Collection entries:
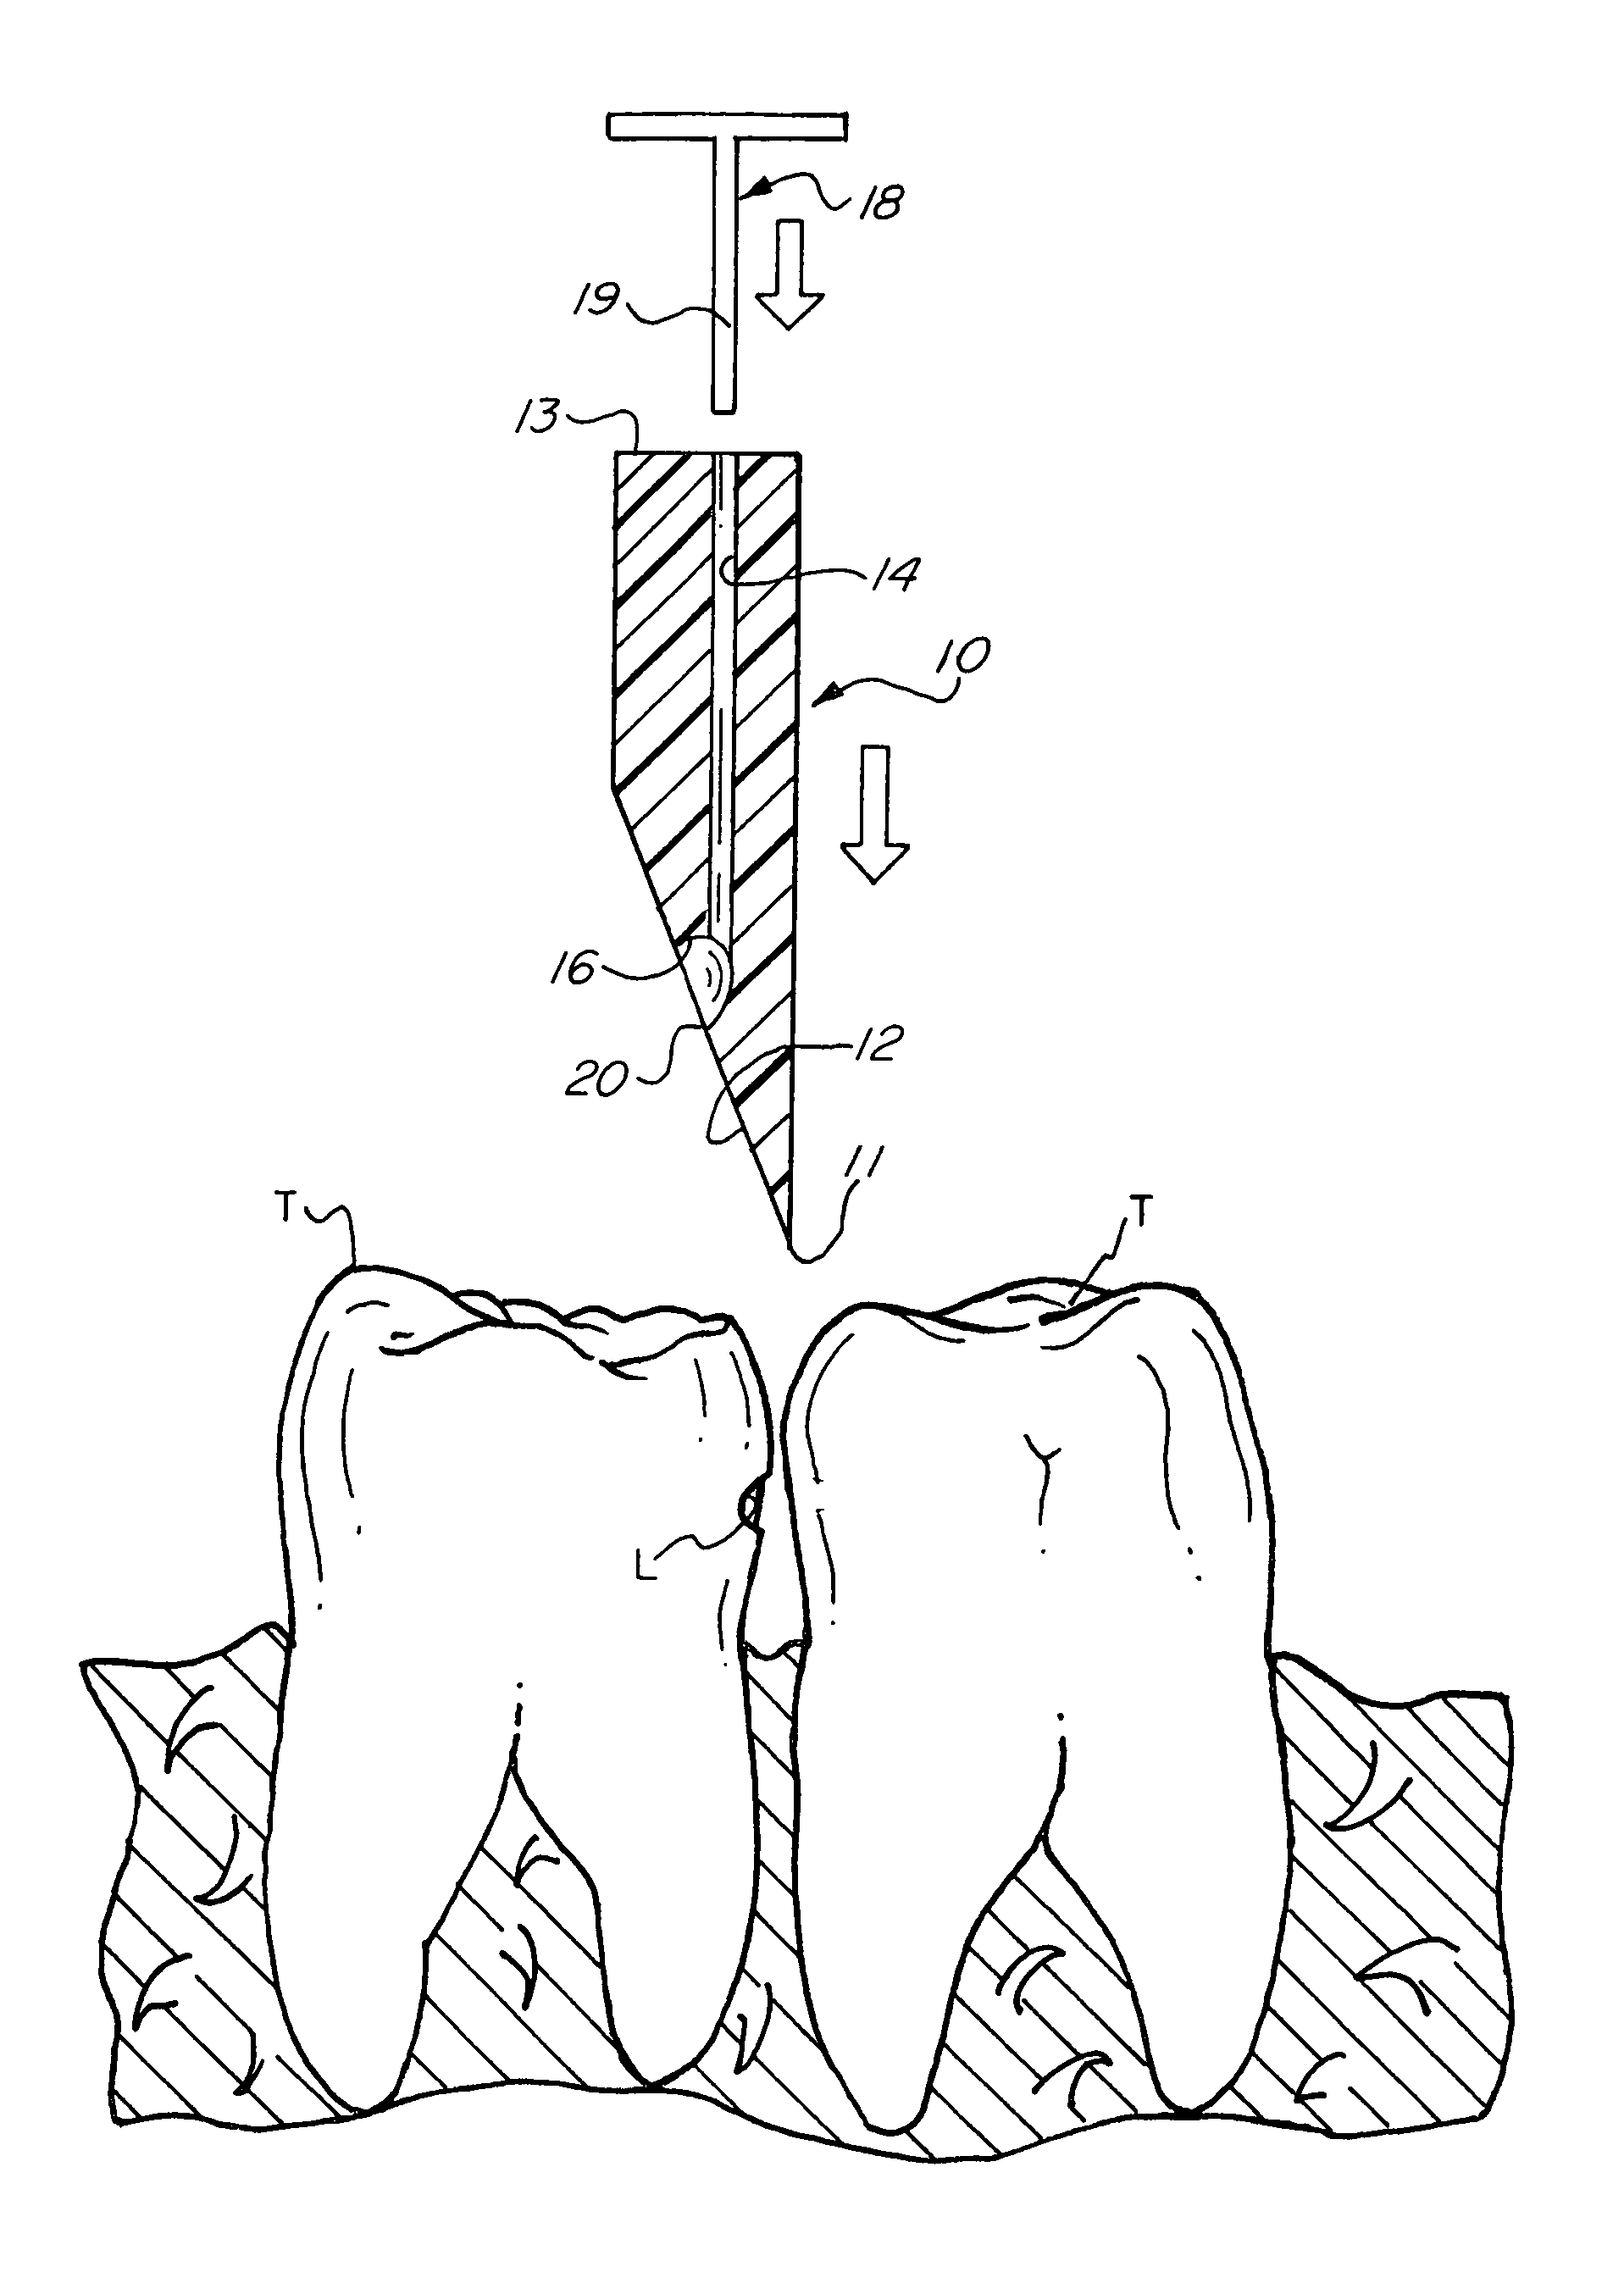 Interproximal non-surgical caries treatment device and method
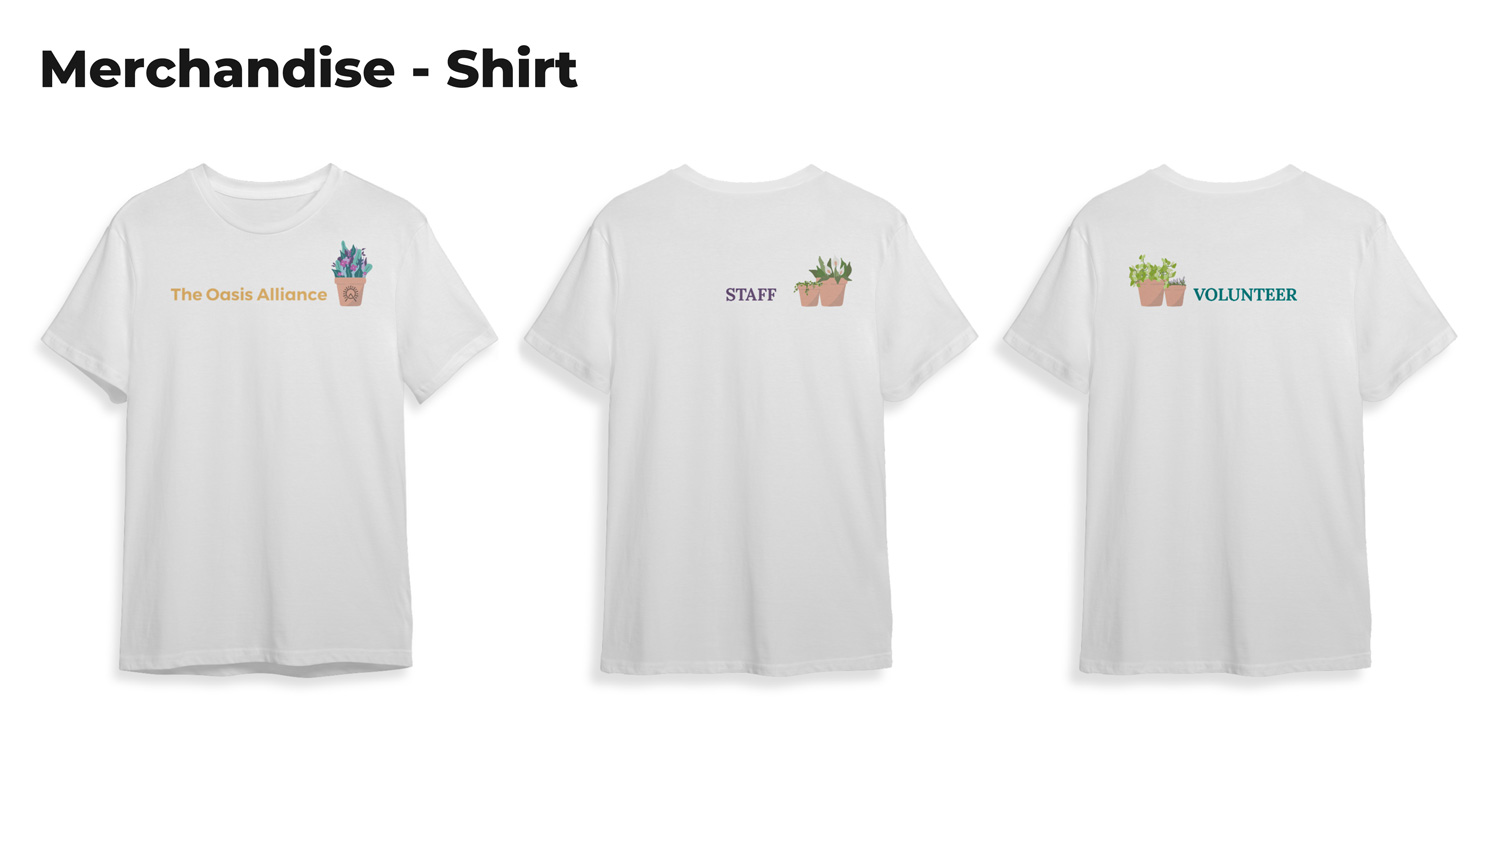 Merchandise tee-shirt design of The Oasis Alliance on front and either Staff or Volunteer on back with potted plant.
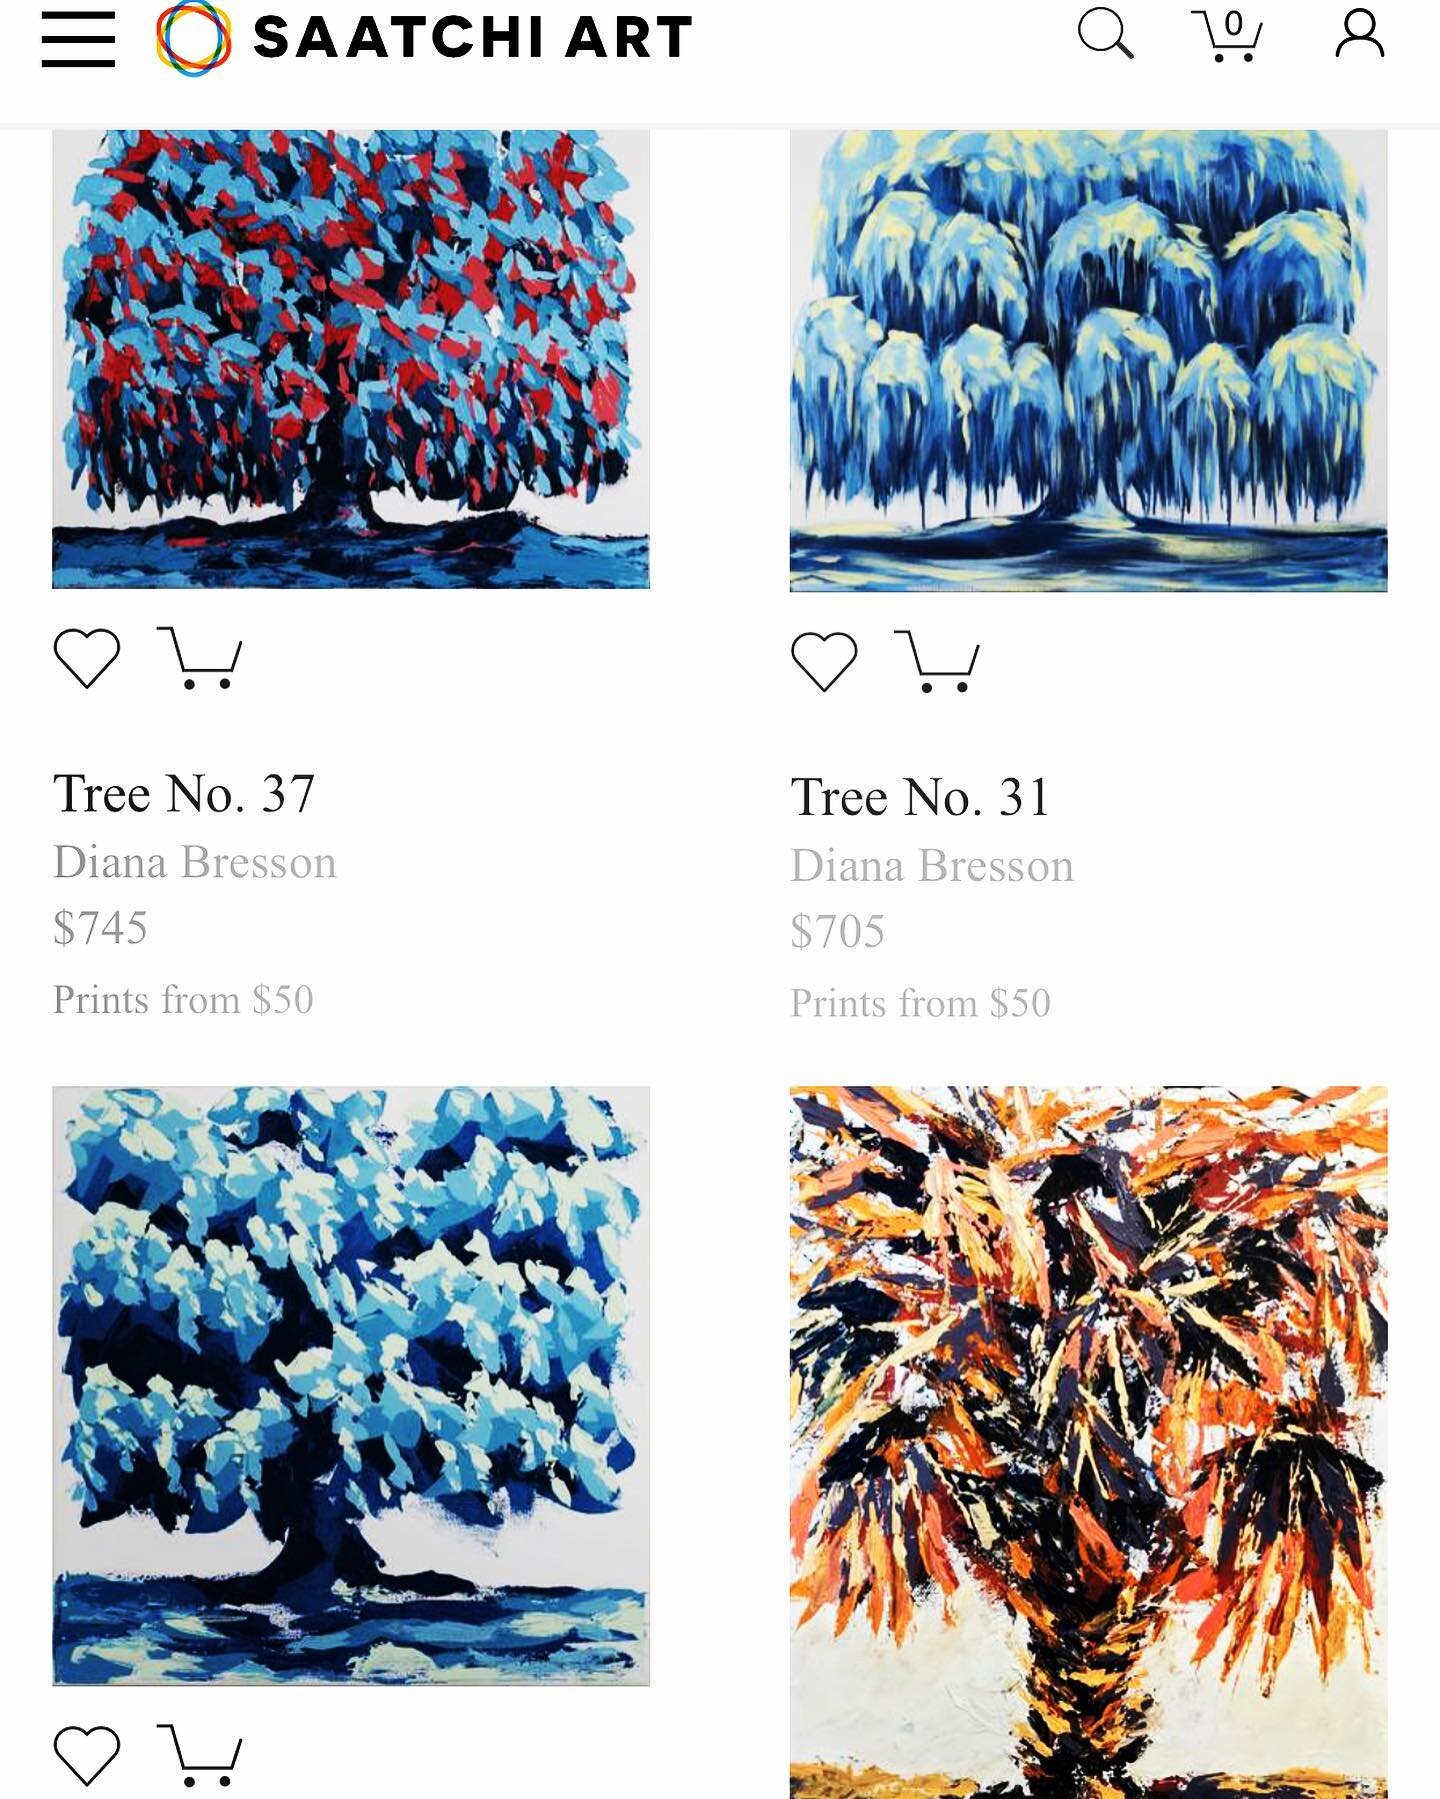 my art is now live on Saatchi Art! Prints are available 🔥🔥🔥
Link in profile

#art #femaleartist #prints #treeart #painting #chsartist #saatchiart #painter #supportsmallbusiness
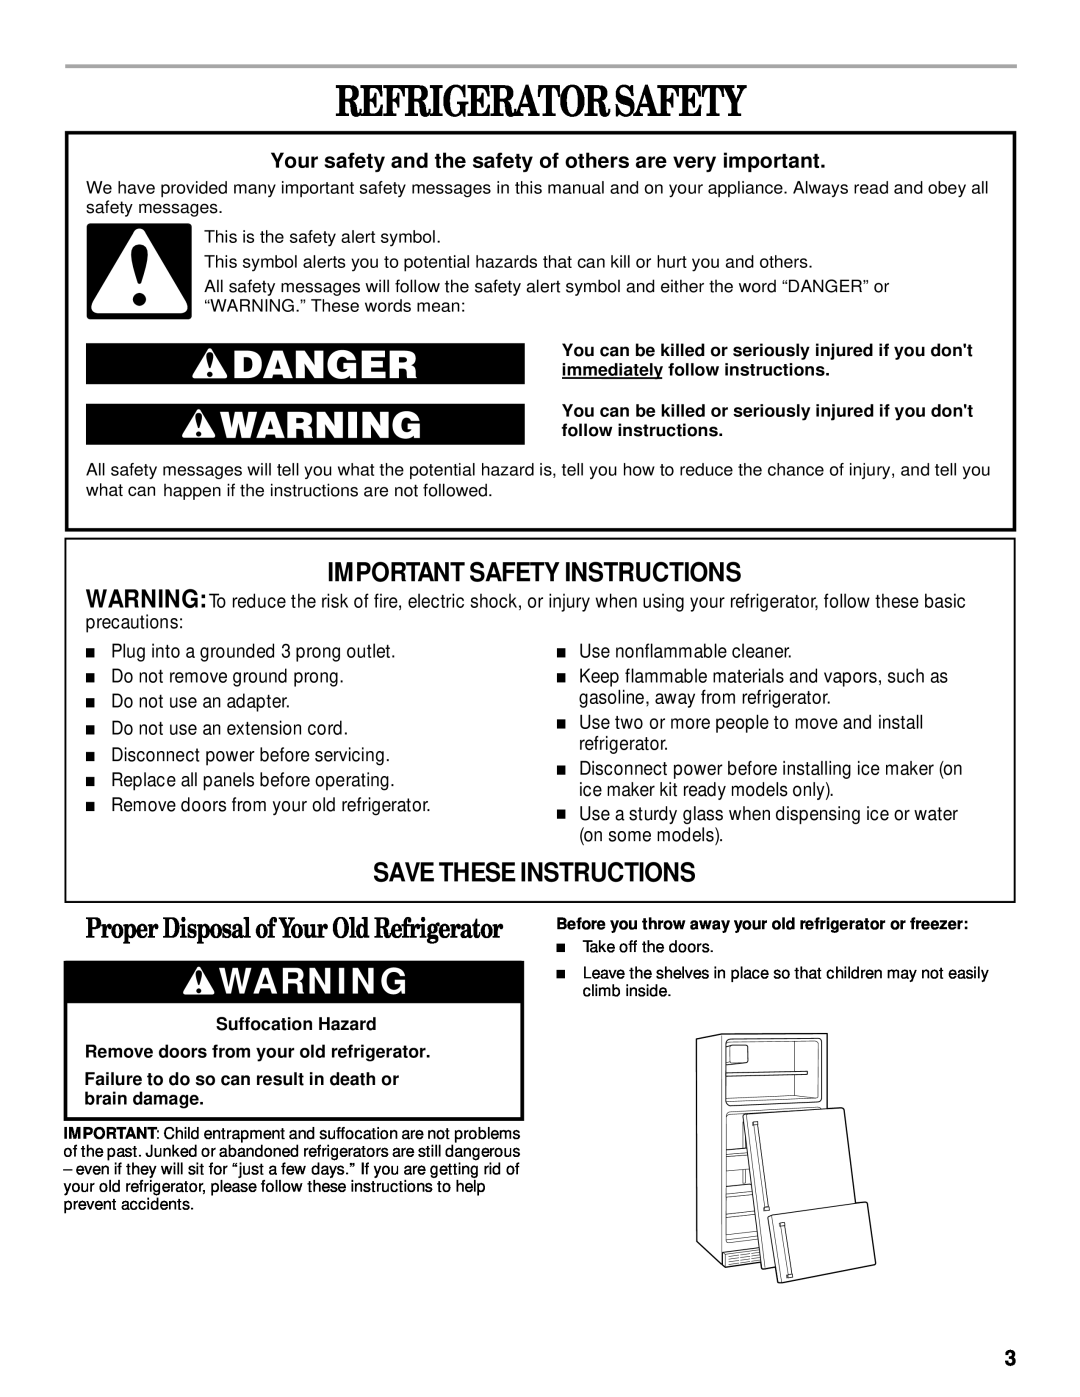 Whirlpool 2205266 manual Refrigeratorsafety, Proper Disposal of Your Old Refrigerator, Important Safety Instructions

**Goal of the exercise:**
With the pictures left out, give again exactly the lines from the one that contains "my art is now" through the final line of the data above.

**Result of the exercise:**
 my art is now live on Saatchi Art! Prints are available 🔥🔥🔥
Link in profile

#art #femaleartist #prints #treeart #painting #chsartist #saatchiart #painter #supportsmallbusiness
 Whirlpool 2205266 manual Refrigeratorsafety, Proper Disposal of Your Old Refrigerator, Important Safety Instructions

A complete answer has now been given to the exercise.